ShotSpotter may not be quite what Brian McGrory has been led to believe

Brian McGrory, Boston Globe metro columnist, somewhat belatedly chimes in on Boston’s decision to spend $1.5 million on the hi-tech sound-surveillance system known as ShotSpotter.

Mr. McGrory finds it entirely resonable for the cash-strapped Hub of the Universe to spend the money on a system that pretty much tells residents that they can’t be trusted. Mr. McGrory went down to Washington, D.C., to get a briefing on ShotSpotter:

As [Lieutenant Vanessa] Moore spoke, Officer Dietra Wallace-Cordell sat in front of her and clicked on an incident from 11:11 a.m. on October 16, 2006. An eerie sound played through the speakers: “Bang. Bang. Bang. Bang.”

It was the sound of someone dying. On that morning, police dispatched a car to the scene before anyone had called 911. They found a 35-year-old landscaper dead on a lawn. They found the shooter nearby. “He still had the gun on him,” Wallace-Cordell said.

That was good enough for me.

But not for me. He’s an excerpt from a Washington Post article on the murder:

[The suspected shooter] was arrested two blocks away from the scene when officers saw him walking by Thurgood Marshall Academy charter school. He matched the description of the shooter that went out over the police radio: a man wearing a black tank top and carrying a black backpack.

Wow, that ShotSpotter has some pretty sharp eyes. Or not. What happened was that a citizen picked up the phone, called 9-1-1, reported the shooting and another witness (a metrobus driver) gave a description of the suspect. The case seems to have quickly disappeared from the radar screen, by which I mean Google, but early reports suggested that the shooter was a mentally ill man who was off his medications and killed an essentially randomly selected victim.

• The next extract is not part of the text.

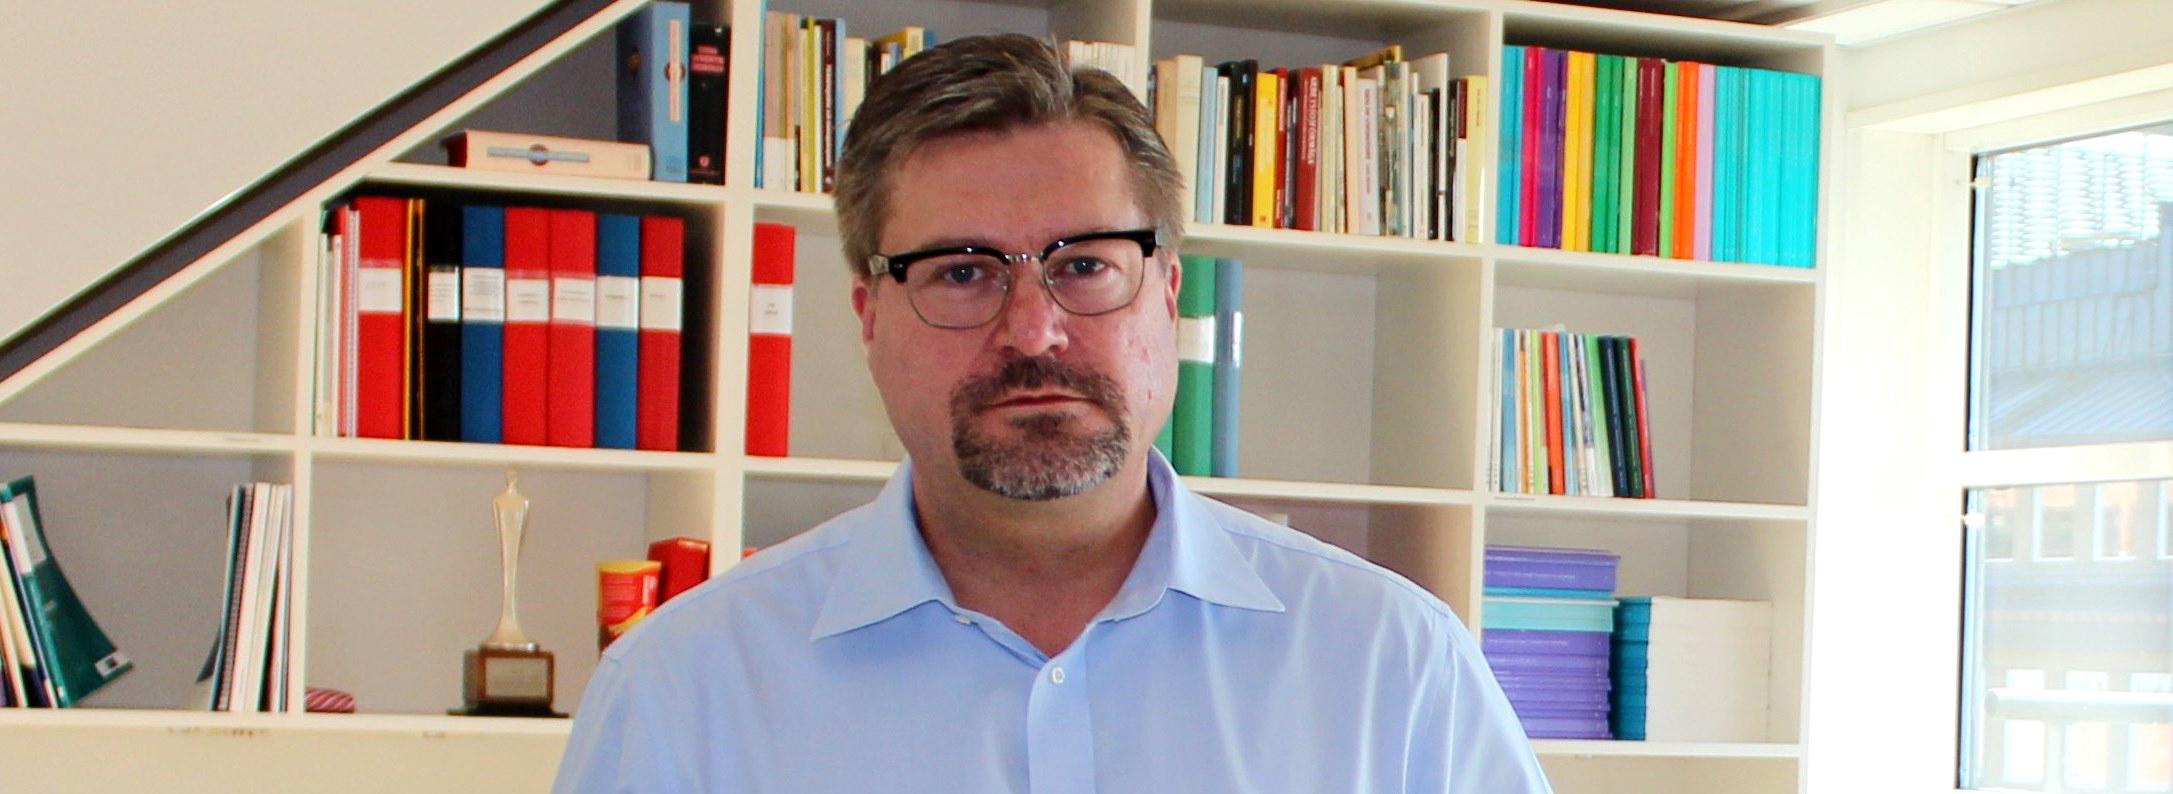 Mikael Sjöberg: rebuilding trust in the Public Employment Service

But sound surveillance is coming to Boston, the city councillors who questioned the purchase have been widely ridiculed, and, well, I guess it says something that the best way to spend $1.5 million on combating crime in Boston’s most crime infested areas is to buy a surveillance system.

Writes Nick Coleman in Star Tribune about ShotSpotter’s performance in Minneapolis:

ShotSpotter will not keep you from getting shot. It will only direct the cops to the general vicinity of where your corpse lies on the sidewalk, cooling.

That’s how it worked Jan. 2, when ShotSpotter detected gunfire at 35th Street and Portland Av. S., where cops found Douglas McFarlane dead on the sidewalk. His killer has not been apprehended.

As one critic has said, ShotSpotter could be called “The Alarm That Tells Police When It’s Too Late.”

Don’t get me wrong: In a city where crime has gotten out of hand, the cops need a boost.

But ShotSpotter has not saved anyone’s life and hasn’t even resulted in any arrests yet — not any that can be indisputably attributed to it, at any rate.

City officials claimed Tuesday that ShotSpotter has “helped lead to” several arrests. But none of the arrests made when officers responded to shootings necessarily involved anyone responsible for the shootings. One example: When cops showed up, a car sped away. Stopping the car, police arrested a felon who had a gun. It may have been a good bust, but may have had nothing to do with the shots fired nearby.

Update: Adam Gaffin at Universal Hub has kindly linked to this post. I’m not quite comfortable with his claim that I’m “fact-checking” Mr. McGrory – although I suppose in some technical sense he’s right. How about “fact upping” or, if that sounds vaguely vulgar, “fact elongating” his column? Something like that.

The Christian Science Monitor recently published an article on the tepid pros and timid cons of ShotSpotter.